Sanat, tasarım ve yaratıcı işlerle uğraşan herkes için hayati öneme sahip tespitini bizlerle paylaşıyor; "Türkiye’de sanatçıların ortak ihtiyacı genelde mekan oluyor. Ancak bunun dışında daha önemli bir ihtiyaç şu ki; sanat ve tasarım işiyle uğraşanların bu düşünsel süreçlerinin bir karşılığı olduğunun anlaşılması gerekiyor."
“Dostlarımız Sayesinde Ayaktayız”
Onursal Kaynak, Delice Art Camp
Karaburun’a sekiz km. uzaklıkta Yeniliman tarafındaki Delice Art hem konumu hem de düzenlediği etkinliklerle diğer kamp alanlarından biraz ayrışıyor. Yaklaşık üç yıl önce eşi Olcay’la buraya yerleşen Onursal hem kendilerine bir yaşam alanı kurmak hem de sokak hayvanları için bir yer yapmak isteğiyle Karaburun’a gelmiş.
Onursal bir yandan Karaburun’u geç keşfetmiş olmasına hayıflanırken, böyle izole bir bölgede yaşadığı en büyük zorluğun, Anadolu’nun bir çok yeri gibi, burada da imece kültürünün kalmamış olmasından kaynaklandığını vurguluyor.
Pandemi dönemini "Sayısı az da olsa güzel bir ideali ayakta tutmaya çalışan insanlar var. Dostlarımız sayesinde ayaktayız" sözleriyle özetleyen Onursal, ortaklık ve birlikte çalışma konusunda, egoların törpülenmesi gerektiğini belirterek, bu görüşleriyle Pınar'a katılıyor!
“Ortaklık, aynı gökyüzünün altında nefes almaktır”

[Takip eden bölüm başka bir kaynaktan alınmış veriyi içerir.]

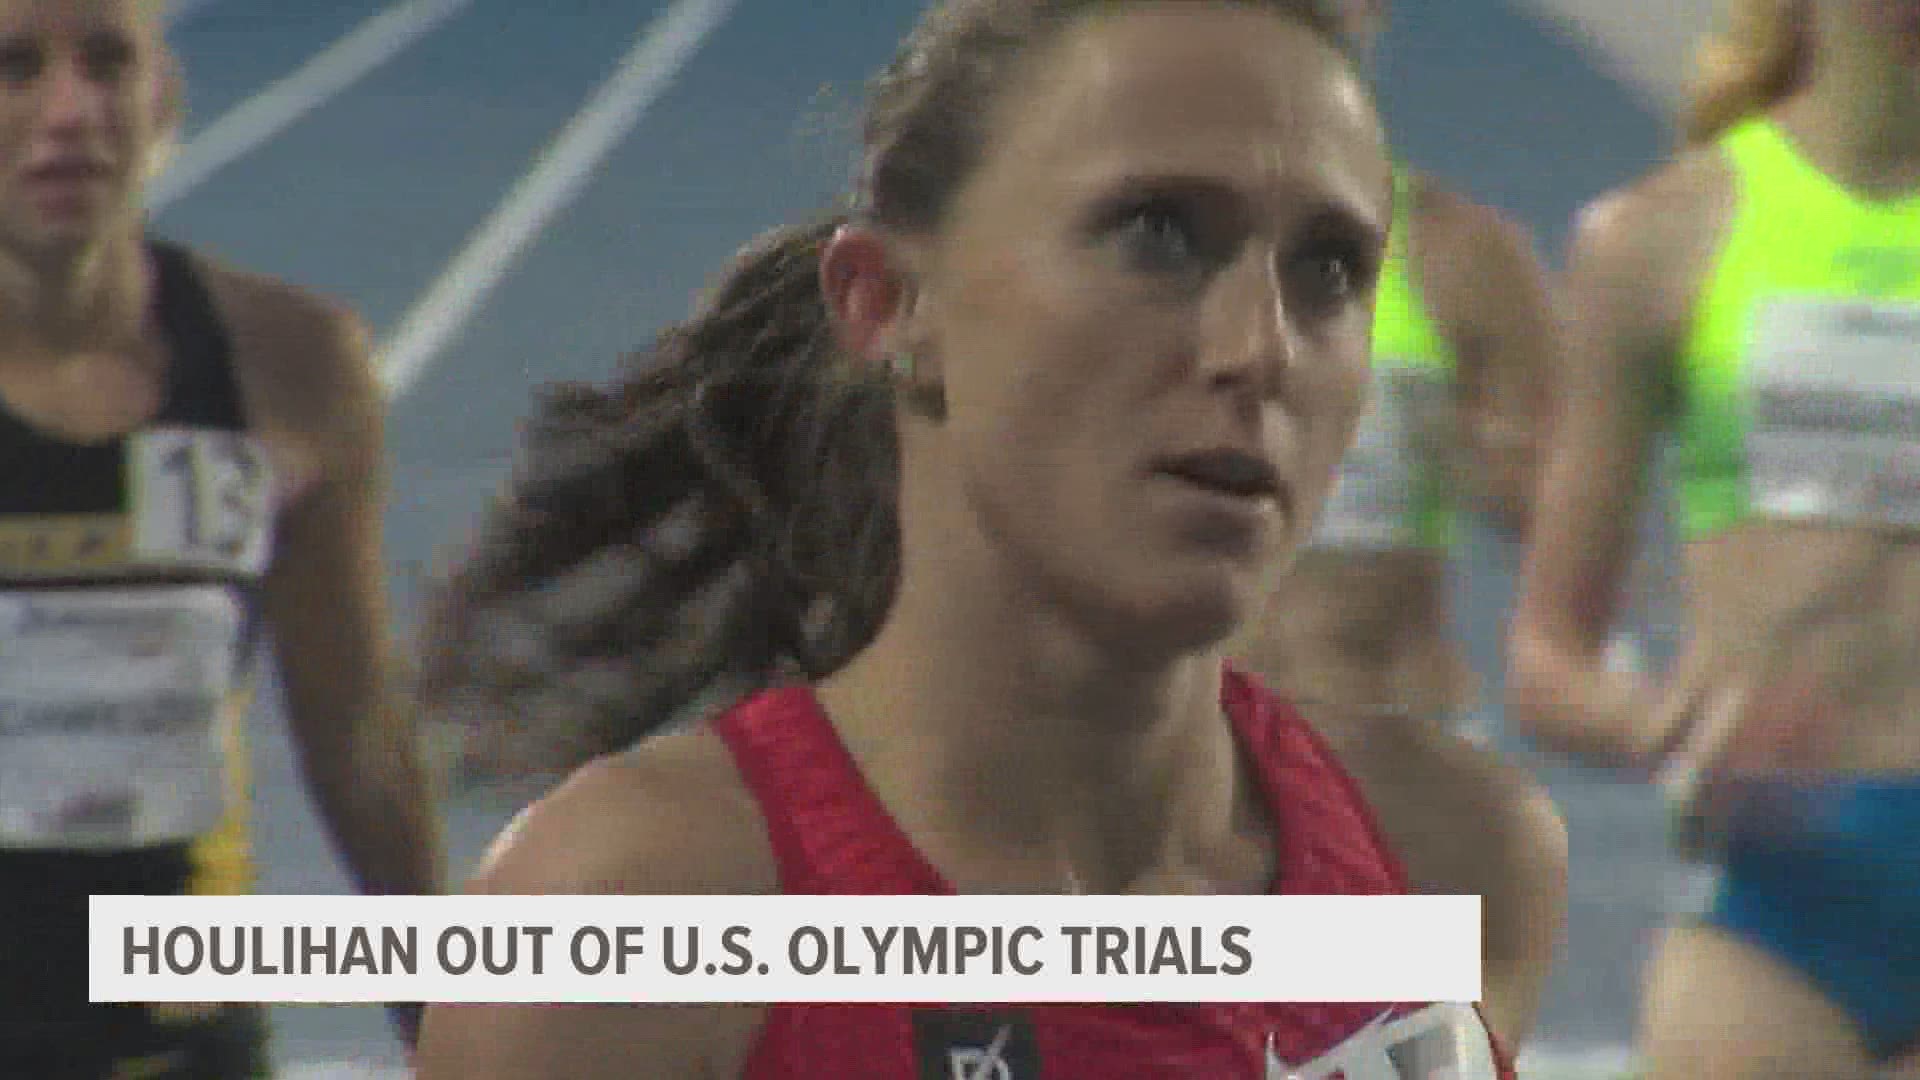 It appeared Houlihan, who tested positive for a banned substance, would be allowed to compete Friday. USA Track and Field has since reversed that decision.

Hüseyin, Hayalbaz İşletmecisi
Hüseyin kendisini alaylı, farklı disiplinlerde eylemlerde bulunmuş bir aktivist ve hak savunucusu olarak tanımlıyor. 2000’li yıllarda kurulan “hayal gerçekleştiricisi” anlamına gelen Hayalbaz on beş sene kadar Alsancak’taki mekanında müzik, belgesel, sinema, plastik işler, fanzin, dergi, karma sergi gibi farklı bir çok disiplinde üretime yer vermiş. Faaliyetlerine sekiz senedir Karaburun’daki mekanında devam ediyor.
Küçük yerde bir şeyler başarmanın zorluklarına rağmen, Hüseyin, dayanışma kültürünü yaşatmaya çalışıyor. Yaşadığı zorlukların ister istemez üretimlerine yansıdığını bu anlamda son yılları verimsiz gerçirdiğini belirtiyor. Yine de, Karaburun’da bir sanat köyü kurma hayaliyle yaşıyor.
"Ortaklık, aynı gökyüzünün altında nefes almak. Sağlıklı ortaklıklar için gerekli olan şey ise gönüllülük", diyor.